_EXERCISE BRIEF_
Present the data once more in exactly its original form.

Data excerpts
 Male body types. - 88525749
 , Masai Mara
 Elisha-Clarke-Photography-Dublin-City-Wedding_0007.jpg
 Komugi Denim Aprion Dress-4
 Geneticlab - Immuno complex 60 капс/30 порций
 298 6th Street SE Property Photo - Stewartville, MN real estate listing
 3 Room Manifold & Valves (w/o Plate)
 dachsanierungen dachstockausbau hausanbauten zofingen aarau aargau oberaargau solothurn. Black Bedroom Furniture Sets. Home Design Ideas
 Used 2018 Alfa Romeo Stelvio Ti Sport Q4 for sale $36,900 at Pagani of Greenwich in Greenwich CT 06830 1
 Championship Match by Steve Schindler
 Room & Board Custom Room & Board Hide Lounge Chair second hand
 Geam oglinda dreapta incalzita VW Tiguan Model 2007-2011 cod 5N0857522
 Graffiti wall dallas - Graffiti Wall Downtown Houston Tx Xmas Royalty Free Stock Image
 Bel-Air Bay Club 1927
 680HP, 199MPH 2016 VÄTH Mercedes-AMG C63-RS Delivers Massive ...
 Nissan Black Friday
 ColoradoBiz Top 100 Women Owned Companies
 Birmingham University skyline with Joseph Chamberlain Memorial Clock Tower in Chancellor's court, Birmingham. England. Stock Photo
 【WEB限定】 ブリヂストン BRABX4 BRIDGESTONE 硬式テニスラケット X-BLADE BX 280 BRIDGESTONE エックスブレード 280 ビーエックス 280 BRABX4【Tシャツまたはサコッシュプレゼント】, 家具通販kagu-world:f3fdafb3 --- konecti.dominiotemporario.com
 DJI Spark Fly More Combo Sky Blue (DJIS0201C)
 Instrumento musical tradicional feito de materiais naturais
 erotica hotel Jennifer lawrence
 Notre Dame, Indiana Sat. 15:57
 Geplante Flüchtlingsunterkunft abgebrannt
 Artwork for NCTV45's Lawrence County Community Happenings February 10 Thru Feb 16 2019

_EXERCISE ANSWER_
 Male body types. - 88525749
 , Masai Mara
 Elisha-Clarke-Photography-Dublin-City-Wedding_0007.jpg
 Komugi Denim Aprion Dress-4
 Geneticlab - Immuno complex 60 капс/30 порций
 298 6th Street SE Property Photo - Stewartville, MN real estate listing
 3 Room Manifold & Valves (w/o Plate)
 dachsanierungen dachstockausbau hausanbauten zofingen aarau aargau oberaargau solothurn. Black Bedroom Furniture Sets. Home Design Ideas
 Used 2018 Alfa Romeo Stelvio Ti Sport Q4 for sale $36,900 at Pagani of Greenwich in Greenwich CT 06830 1
 Championship Match by Steve Schindler
 Room & Board Custom Room & Board Hide Lounge Chair second hand
 Geam oglinda dreapta incalzita VW Tiguan Model 2007-2011 cod 5N0857522
 Graffiti wall dallas - Graffiti Wall Downtown Houston Tx Xmas Royalty Free Stock Image
 Bel-Air Bay Club 1927
 680HP, 199MPH 2016 VÄTH Mercedes-AMG C63-RS Delivers Massive ...
 Nissan Black Friday
 ColoradoBiz Top 100 Women Owned Companies
 Birmingham University skyline with Joseph Chamberlain Memorial Clock Tower in Chancellor's court, Birmingham. England. Stock Photo
 【WEB限定】 ブリヂストン BRABX4 BRIDGESTONE 硬式テニスラケット X-BLADE BX 280 BRIDGESTONE エックスブレード 280 ビーエックス 280 BRABX4【Tシャツまたはサコッシュプレゼント】, 家具通販kagu-world:f3fdafb3 --- konecti.dominiotemporario.com
 DJI Spark Fly More Combo Sky Blue (DJIS0201C)
 Instrumento musical tradicional feito de materiais naturais
 erotica hotel Jennifer lawrence
 Notre Dame, Indiana Sat. 15:57
 Geplante Flüchtlingsunterkunft abgebrannt
 Artwork for NCTV45's Lawrence County Community Happenings February 10 Thru Feb 16 2019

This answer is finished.